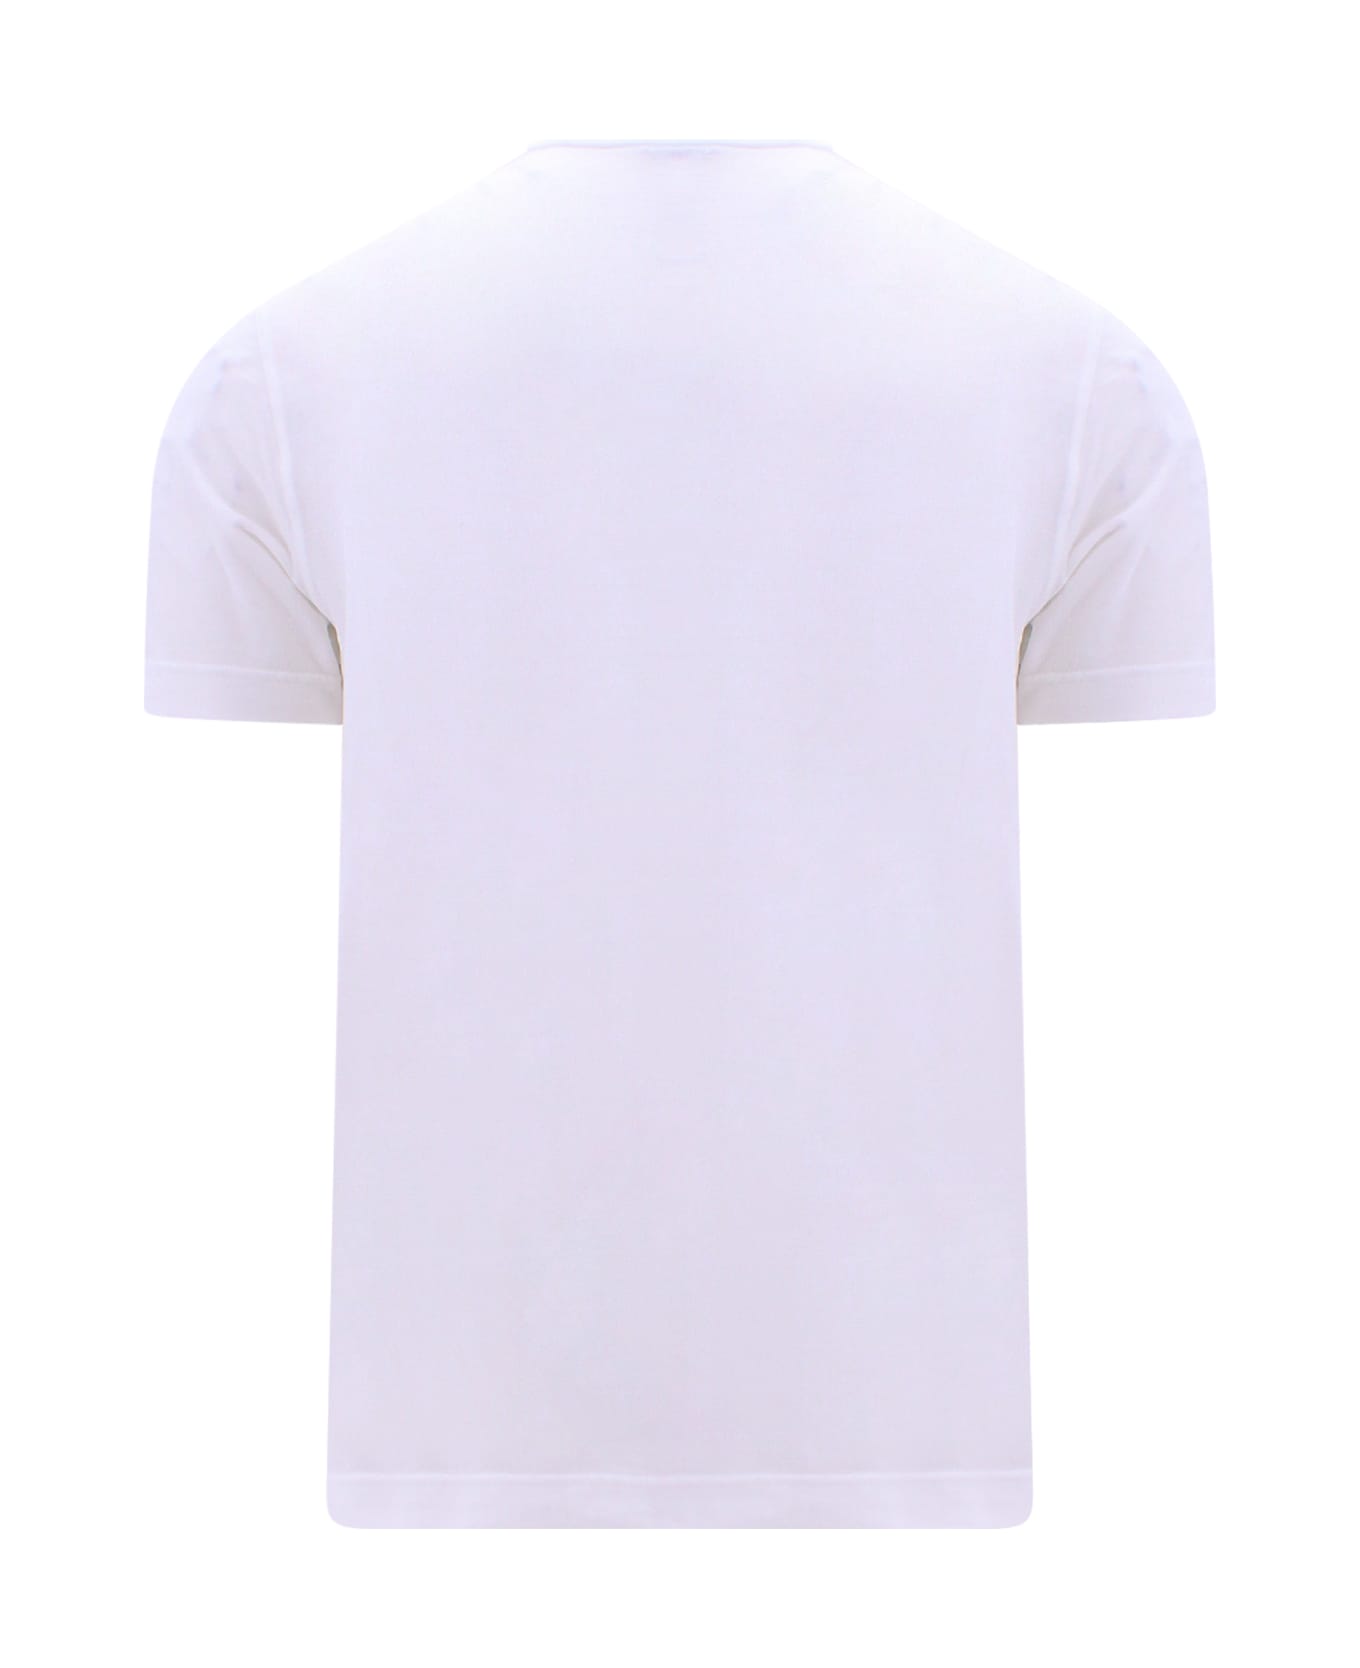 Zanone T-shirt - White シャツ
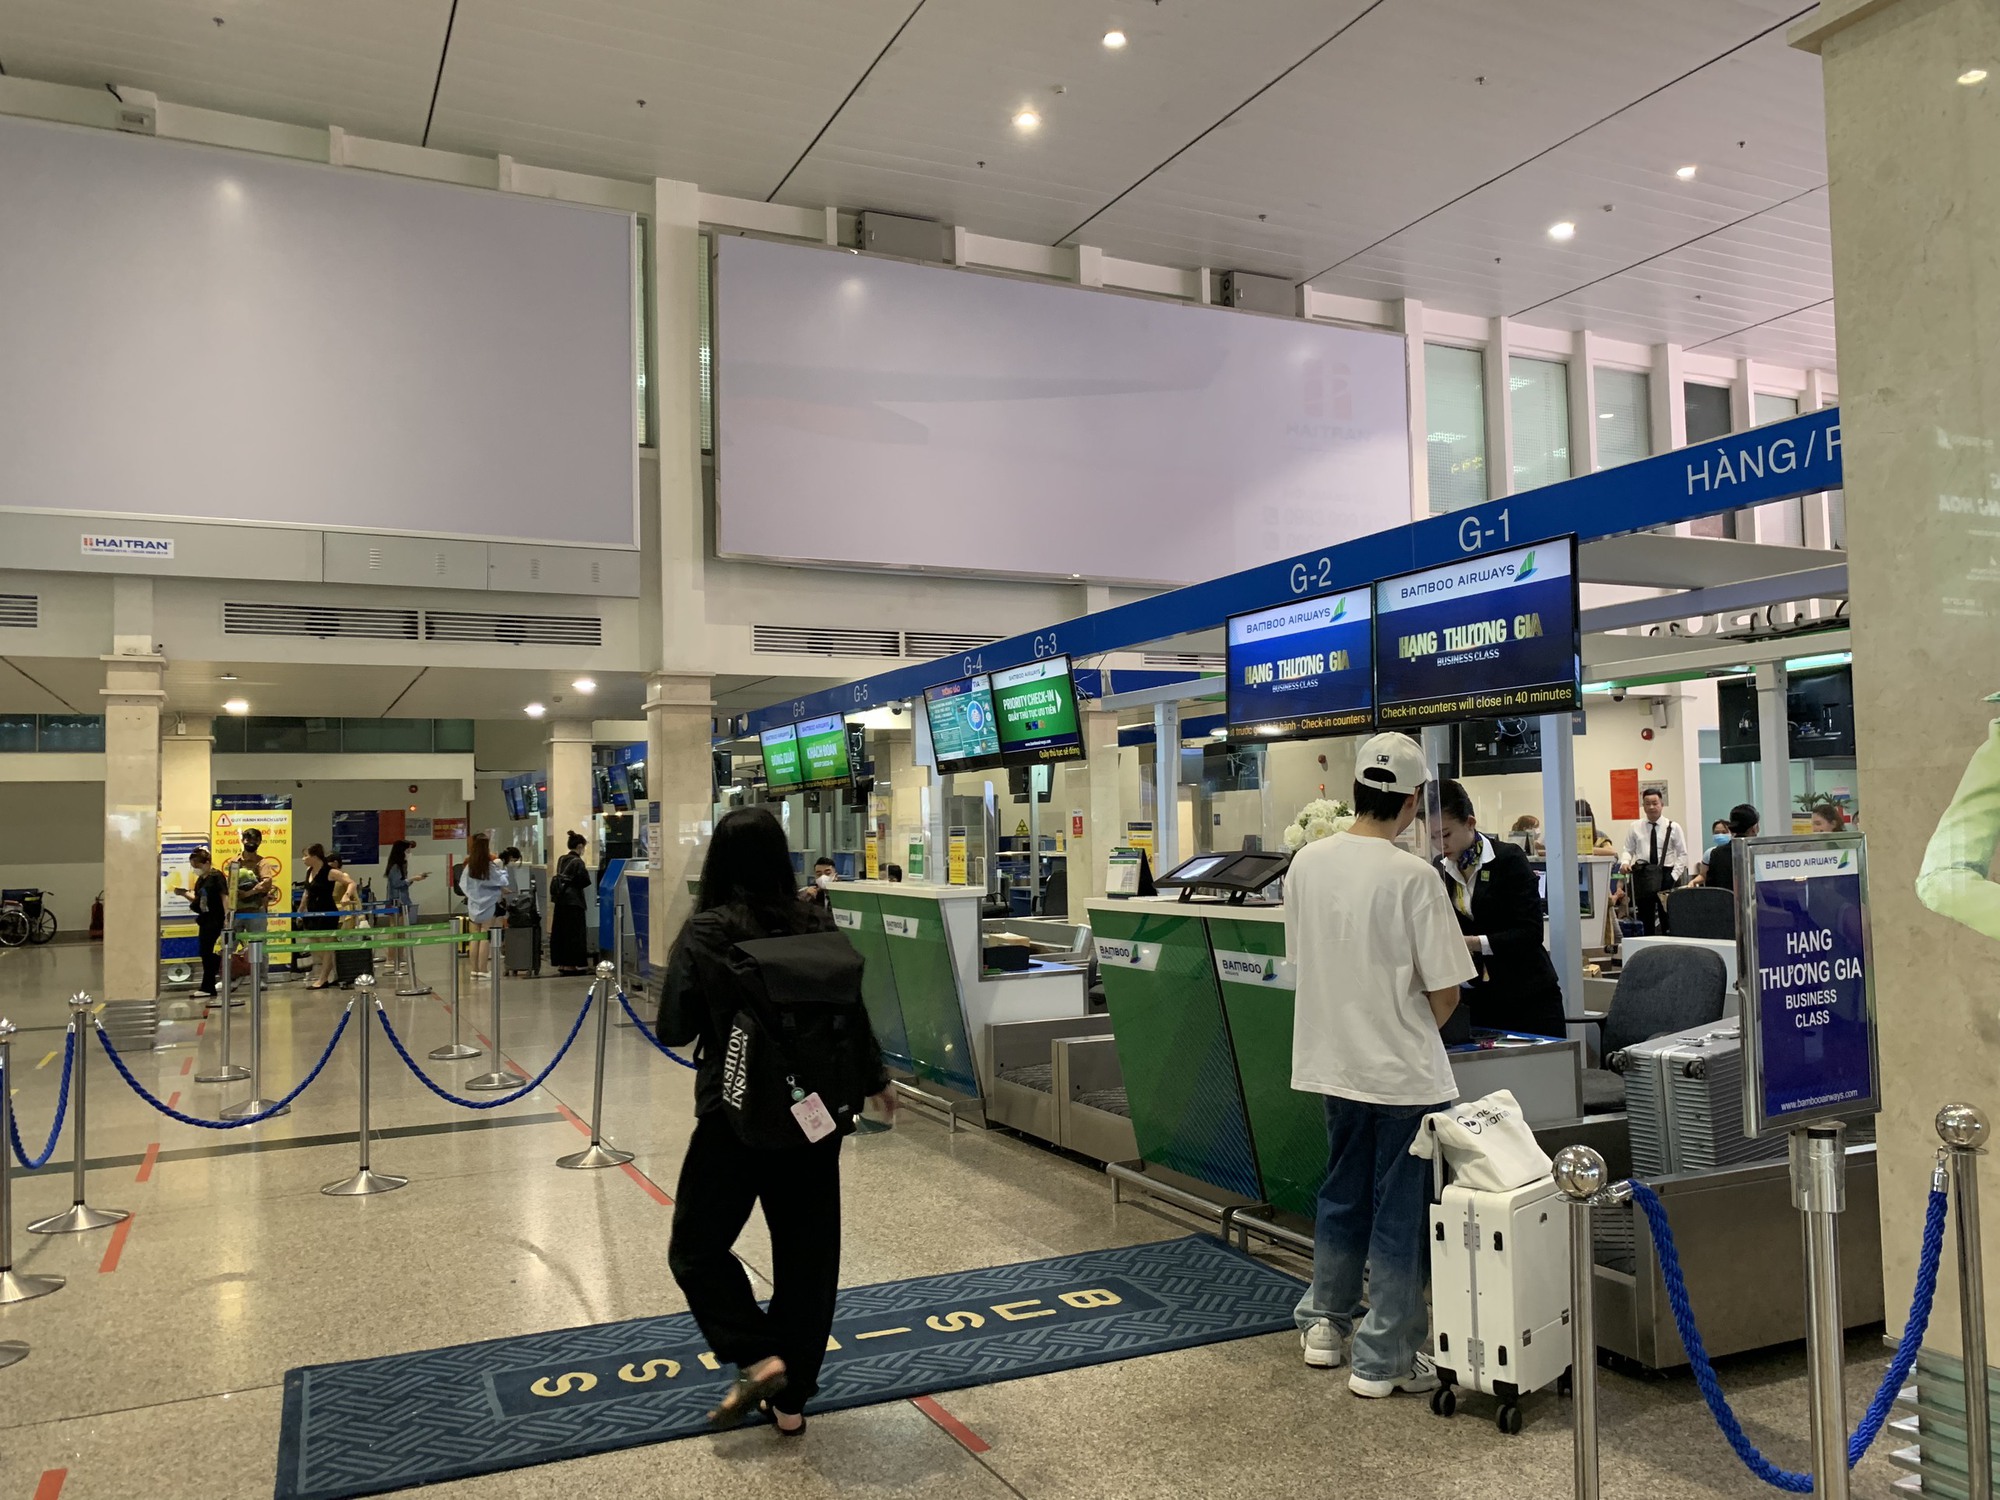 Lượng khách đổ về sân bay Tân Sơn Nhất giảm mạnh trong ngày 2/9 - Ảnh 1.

--

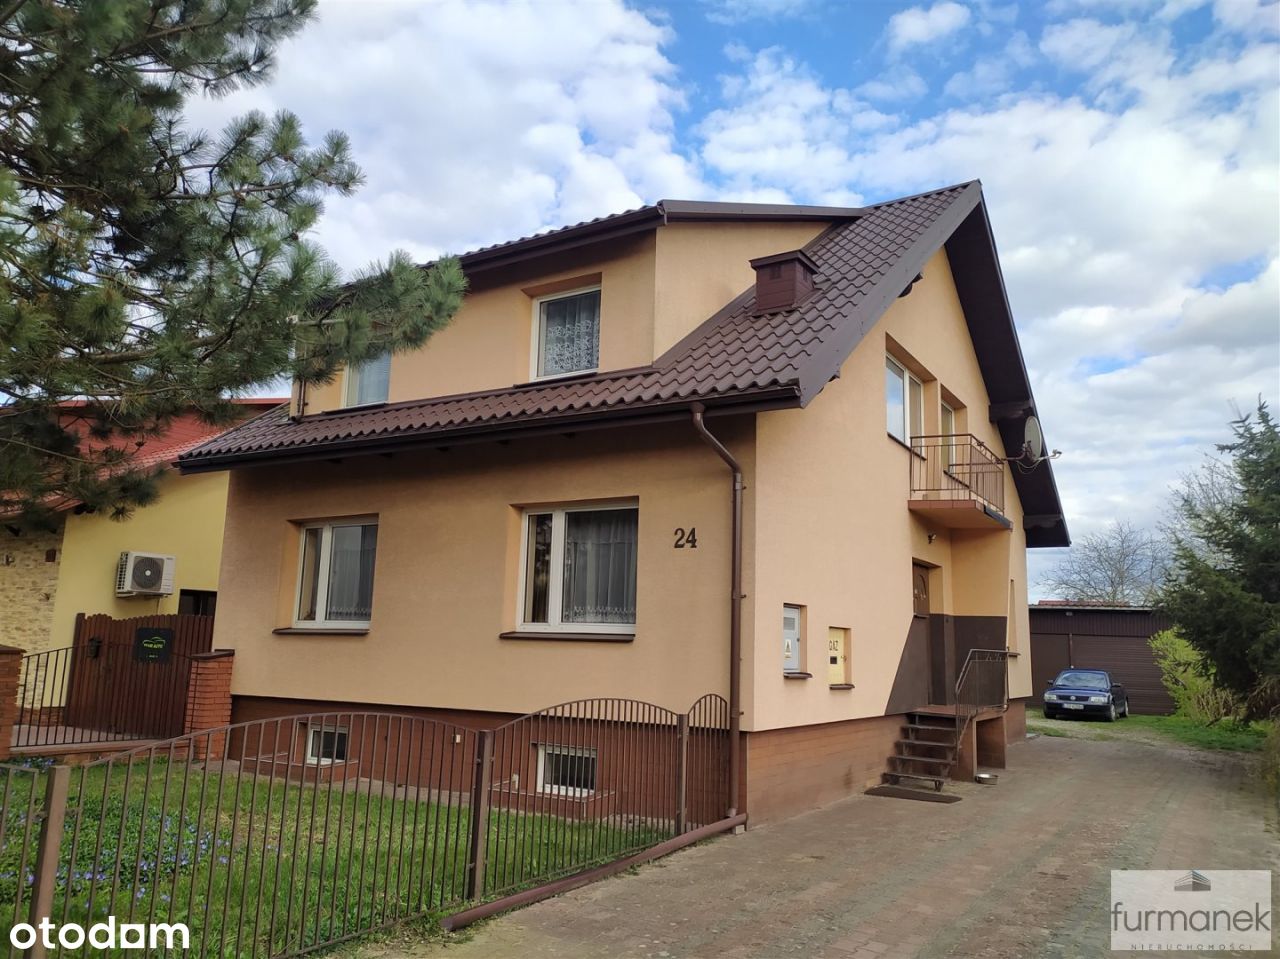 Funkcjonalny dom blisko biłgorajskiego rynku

**What the task asks**:
Look through the listing above for the line with "Zanone T-shirt - White シャツ" and the line with "Lượng khách đổ". Write out exactly those lines and everything between, leaving out pictures.

**Exercise result**:
 Zanone T-shirt - White シャツ
 Lượng khách đổ về sân bay Tân Sơn Nhất giảm mạnh trong ngày 2/9 - Ảnh 1.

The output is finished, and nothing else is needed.